[Data for this task]
○ ○ ○

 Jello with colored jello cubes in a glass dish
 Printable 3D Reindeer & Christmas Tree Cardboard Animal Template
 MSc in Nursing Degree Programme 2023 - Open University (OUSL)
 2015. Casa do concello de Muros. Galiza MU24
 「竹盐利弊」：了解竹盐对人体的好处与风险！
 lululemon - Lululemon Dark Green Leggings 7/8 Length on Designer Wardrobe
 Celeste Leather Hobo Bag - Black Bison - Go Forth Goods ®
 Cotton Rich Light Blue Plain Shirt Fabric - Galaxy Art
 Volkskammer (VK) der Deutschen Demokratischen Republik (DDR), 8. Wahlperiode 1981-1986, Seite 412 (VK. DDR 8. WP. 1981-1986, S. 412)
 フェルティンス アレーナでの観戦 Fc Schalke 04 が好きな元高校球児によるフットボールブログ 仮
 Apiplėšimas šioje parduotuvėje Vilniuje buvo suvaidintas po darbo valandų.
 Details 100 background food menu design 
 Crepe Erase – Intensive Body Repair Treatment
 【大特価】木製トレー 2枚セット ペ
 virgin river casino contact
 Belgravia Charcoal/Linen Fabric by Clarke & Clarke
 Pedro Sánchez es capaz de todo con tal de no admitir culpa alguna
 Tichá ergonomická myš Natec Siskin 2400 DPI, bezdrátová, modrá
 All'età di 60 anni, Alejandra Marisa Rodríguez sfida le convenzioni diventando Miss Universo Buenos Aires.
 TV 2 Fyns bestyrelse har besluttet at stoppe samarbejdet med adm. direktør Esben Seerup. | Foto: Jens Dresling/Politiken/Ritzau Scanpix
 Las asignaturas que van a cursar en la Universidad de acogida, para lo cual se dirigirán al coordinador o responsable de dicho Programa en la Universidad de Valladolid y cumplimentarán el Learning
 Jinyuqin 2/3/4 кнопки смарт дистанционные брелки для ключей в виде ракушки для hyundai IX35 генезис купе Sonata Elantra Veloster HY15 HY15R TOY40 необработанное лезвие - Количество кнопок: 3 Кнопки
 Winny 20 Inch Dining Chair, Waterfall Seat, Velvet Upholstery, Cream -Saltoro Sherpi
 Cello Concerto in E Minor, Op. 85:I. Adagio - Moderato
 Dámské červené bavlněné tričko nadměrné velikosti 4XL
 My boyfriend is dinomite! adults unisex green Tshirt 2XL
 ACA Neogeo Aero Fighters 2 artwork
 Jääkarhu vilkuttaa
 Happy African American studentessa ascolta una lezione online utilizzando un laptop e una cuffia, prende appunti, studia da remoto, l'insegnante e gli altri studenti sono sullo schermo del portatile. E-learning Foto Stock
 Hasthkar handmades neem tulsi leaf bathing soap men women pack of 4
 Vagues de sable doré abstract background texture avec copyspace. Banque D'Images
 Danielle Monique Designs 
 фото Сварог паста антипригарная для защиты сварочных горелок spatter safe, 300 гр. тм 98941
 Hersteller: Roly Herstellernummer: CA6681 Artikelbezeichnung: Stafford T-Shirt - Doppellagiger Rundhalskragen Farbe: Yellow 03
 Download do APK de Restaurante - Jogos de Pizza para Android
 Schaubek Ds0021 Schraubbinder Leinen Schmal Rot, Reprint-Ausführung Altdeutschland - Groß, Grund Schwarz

○ ○ ○

[Work item]
Look through the records above for the string "background", then copy every line that has it.

[Final answer]
 Details 100 background food menu design 
 Vagues de sable doré abstract background texture avec copyspace. Banque D'Images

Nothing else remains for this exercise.